Spike stared at her, then grinned; in spite of his many very sharp teeth, it seemed friendly. “Space isn’t a problem,” he said, almost chuckling. “It’s just… wow, we thought we’d never be able to find anyone else. Things are just crazy, and… Yeah. Just- feels good. Say, uh…” His voice dropped slightly and his grin vanished. “You… didn’t happen to see Rainbow Dash and Lyra, did you? They-”

“They should be alright. It’s…” Applejack’s throat suddenly closed up. She didn’t feel right saying everything just yet. “It’s complicated, but last I checked, they were out cold, but alive. Down at the bottom of the hill.”
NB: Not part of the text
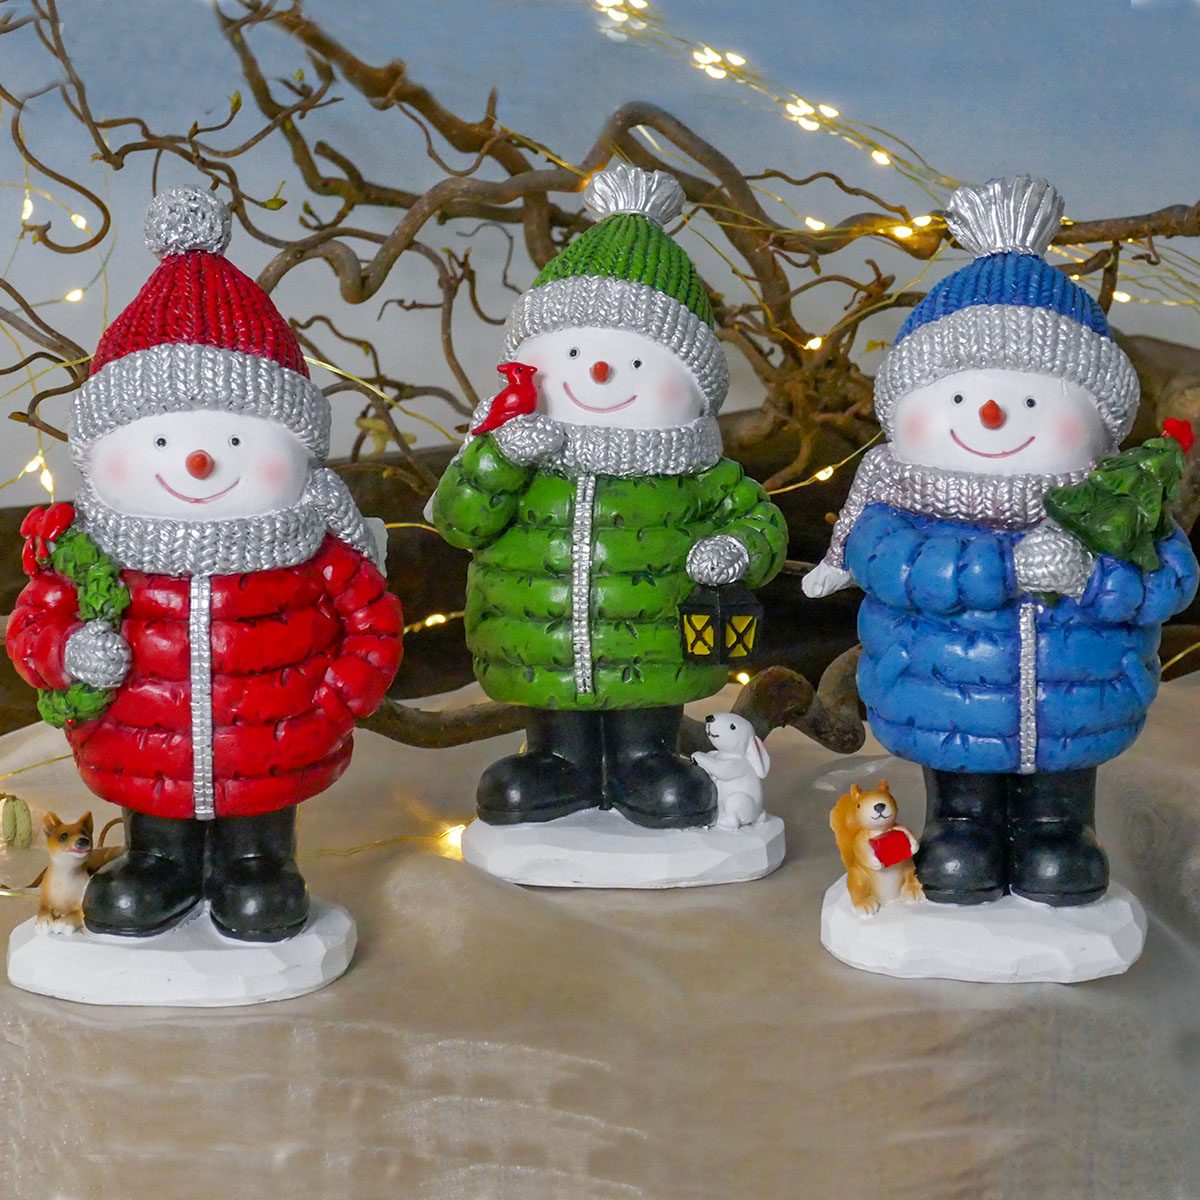 Farbenfrohe Schneemänner im Winter-Outfit Image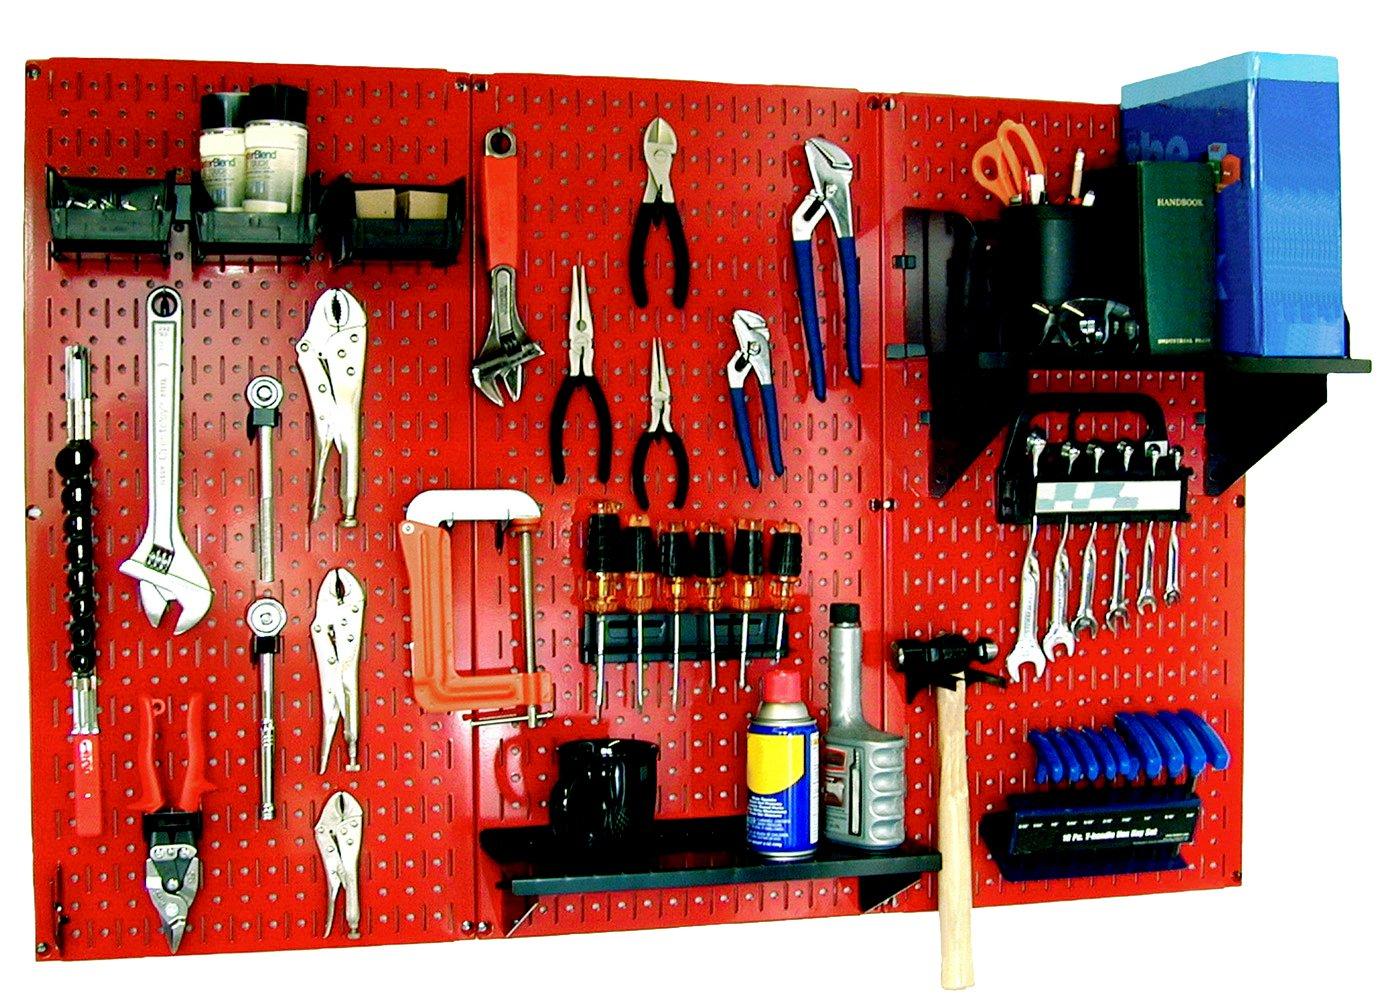 Wall Control 30-WRK-400RB Standard Workbench Metal Pegboard Tool Organizer

And Spike’s grin was back. “Good. Good. You’re a miracle, aren’t you?”

“I guess.”

“You go get your friends, I’ll see if I can find Rainbow and Lyra.”

“Sounds good.”

Applejack trotted down the hill, her heart feeling ten times lighter. She didn’t know how many other ponies survived, but the fact that there was any pony alive at all made her feel great. Finally, she was going to get a chance to rest. She stepped into the airlock room almost whistling. Everyone inside seemed alright; they all looked up as she opened the door. “Applejack?” asked Trixie. “Is… something wrong?”

Applejack grinned. “Not at all. C’mon. We’re all about to get a whole lot safer.”